We define `read_dataset()` which given a csv file path returns a `tf.data.Dataset` in which each row represents a (features,label) in the Estimator API required format 
- features: A python dictionary. Each key is a feature column name and its value is the tensor containing the data for that feature
- label: A Tensor containing the labels

We then invoke `read_dataset()` function from within the `train_input_fn()` and `eval_input_fn()`. The remaining code is as before.

#### **Exercise 1**

In the next cell, implement a `parse_row` function that takes as input a csv row (as a string) 
and returns a tuple (features, labels) as described above.

First, use the [tf.decode_csv function](https://www.tensorflow.org/api_docs/python/tf/io/decode_csv) to read in the features from a csv file. Next, once `fields` has been read from the `.csv` file, create a dictionary of features and values. Lastly, define the label and remove it from the `features` dict you created. This can be done in one step with pythons pop operation.

The column names and the default values you'll need for these operations are given by global variables `CSV_COLUMN_NAMES`
and `CSV_DEFAULTS`. The labels are stored in the first column.

In [7]:
CSV_COLUMN_NAMES = ["fare_amount","dayofweek","hourofday","pickuplon","pickuplat","dropofflon","dropofflat"]
CSV_DEFAULTS = [[0.0],[1],[0],[-74.0], [40.0], [-74.0], [40.7]]

def parse_row(row):
    fields = tf.decode_csv(row, CSV_DEFAULTS)# TODO: Your code goes here
    features = dict(zip(CSV_COLUMN_NAMES, fields))# TODO: Your code goes here
    labels = features.pop("fare_amount") # TODO: Your code goes here
    return features, labels

Run the following test to make sure your implementation is correct

In [8]:
a_row = "0.0,1,0,-74.0,40.0,-74.0,40.7"
features, labels = parse_row(a_row)

assert labels.numpy() == 0.0
assert features["pickuplon"].numpy() == -74.0
print("You rock!")

You rock!


#### **Exercise 2**

Use the function `parse_row` you implemented in the previous exercise to 
implement a `read_dataset` function that
- takes as input the path to a csv file
- returns a `tf.data.Dataset` object containing the features, labels

Assume that the .csv file has a header, and that your `read_dataset` will skip it.
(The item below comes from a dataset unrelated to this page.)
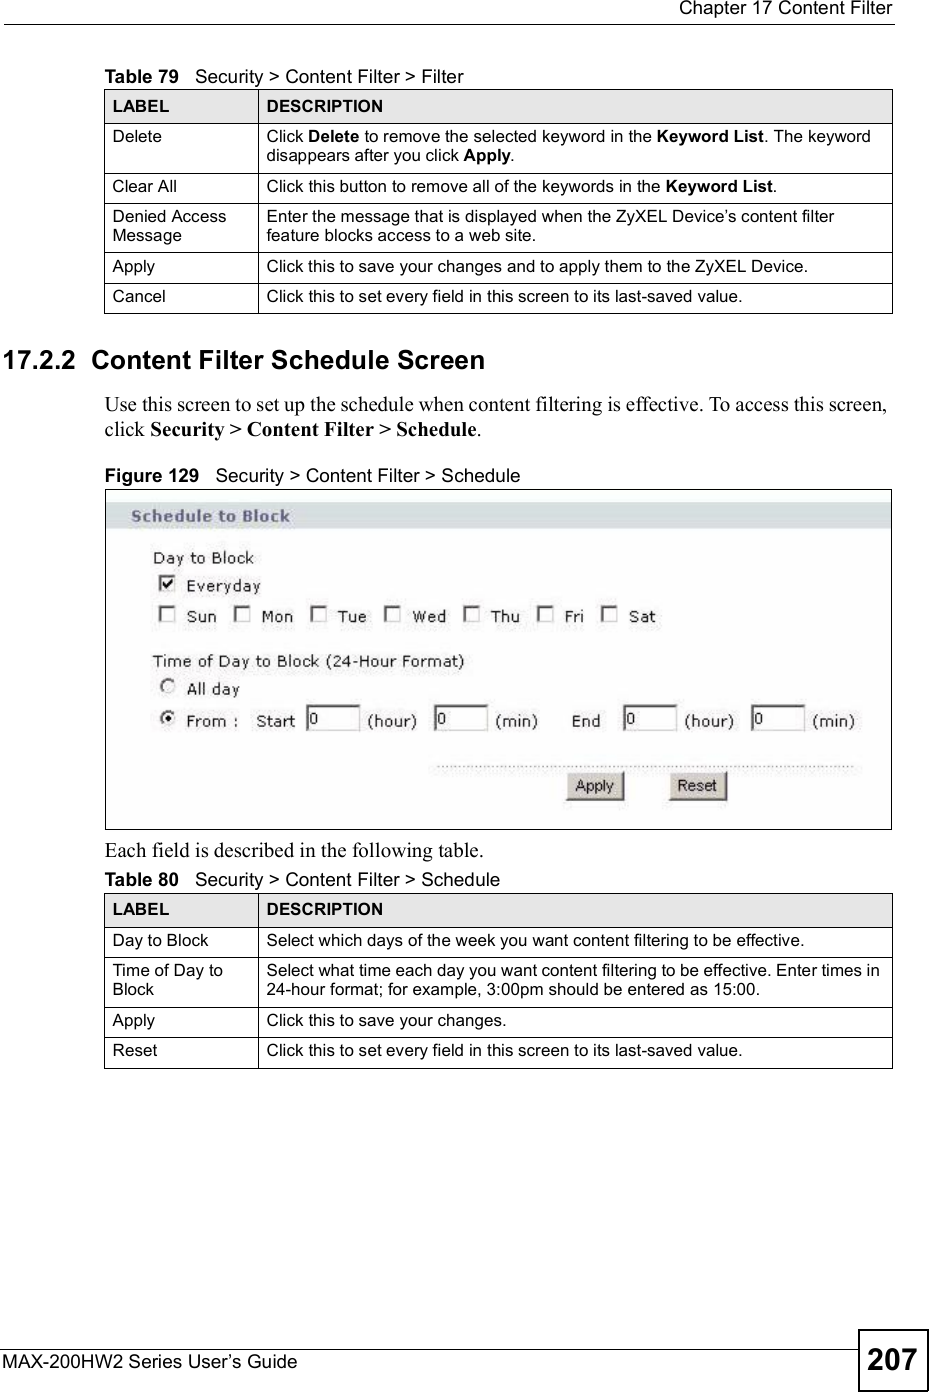  Chapter 17Content FilterMAX-200HW2 Series User s Guide 20717.2.2  Content Filter Schedule ScreenUse this screen to set up the schedule when content filtering is effective. To access this screen, click Security &gt; Content Filter &gt; Schedule.Figure 129   Security &gt; Content Filter &gt; ScheduleEach field is described in the following table.Delete Click Delete to remove the selected keyword in the Keyword List. The keyword disappears after you click Apply.Clear All Click this button to remove all of the keywords in the Keyword List.Denied Access MessageEnter the message that is displayed when the ZyXEL Device s content filter feature blocks access to a web site.Apply Click this to save your changes and to apply them to the ZyXEL Device.Cancel Click this to set every field in this screen to its last-saved value.Table 79   Security &gt; Content Filter &gt; FilterLABEL DESCRIPTIONTable 80   Security &gt; Content Filter &gt; ScheduleLABEL DESCRIPTIONDay to Block Select which days of the week you want content filtering to be effective.Time of Day to BlockSelect what time each day you want content filtering to be effective. Enter times in 24-hour format; for example, 3:00pm should be entered as 15:00.Apply Click this to save your changes.Reset Click this to set every field in this screen to its last-saved value.

Have a look at the [tf.data.TextLineDataset documentation](https://www.tensorflow.org/api_docs/python/tf/data/TextLineDataset) to see what variables to pass when initializing the dataset pipeline. Then use the `parse_row` operation we created above to read the values from the .csv file

In [9]:
def read_dataset(csv_path):  
    dataset = tf.data.TextLineDataset(csv_path).skip(1) # TODO: Your code goes here
    dataset = dataset.map(parse_row) # TODO: Your code goes here
    return dataset

### Tests

Let's create a test dataset to test our function.

In [10]:
%%writefile test.csv
fare_amount,dayofweek,hourofday,pickuplon,pickuplat,dropofflon,dropofflat
28,1,0,-73.0,41.0,-74.0,20.7
12.3,1,0,-72.0,44.0,-75.0,40.6
10,1,0,-71.0,41.0,-71.0,42.9

Writing test.csv


You should be able to iterate over what's returned by `read_dataset`. We'll print the `dropofflat` and `fare_amount` for each entry in `./test.csv`

In [11]:
for feature, label in read_dataset("./test.csv"):
    print("dropofflat:", feature["dropofflat"].numpy())
    print("fare_amount:", label.numpy())

Instructions for updating:
Colocations handled automatically by placer.
dropofflat: 20.7
fare_amount: 28.0
dropofflat: 40.6
fare_amount: 12.3
dropofflat: 42.9
fare_amount: 10.0


Run the following test cell to make sure you function works properly:

In [12]:
dataset= read_dataset("./test.csv")
dataset_iterator = dataset.make_one_shot_iterator()
features, labels = dataset_iterator.get_next()

assert features['dayofweek'].numpy() == 1
assert labels.numpy() == 28
print("You rock!")

You rock!


#### **Exercise 3**

In the code cell below, implement a `train_input_fn` function that
- takes as input a path to a csv file along with a batch_size
- returns a dataset object that shuffle the rows and returns them in batches of `batch_size`

**Hint:** Reuse the `read_dataset` function you implemented above. 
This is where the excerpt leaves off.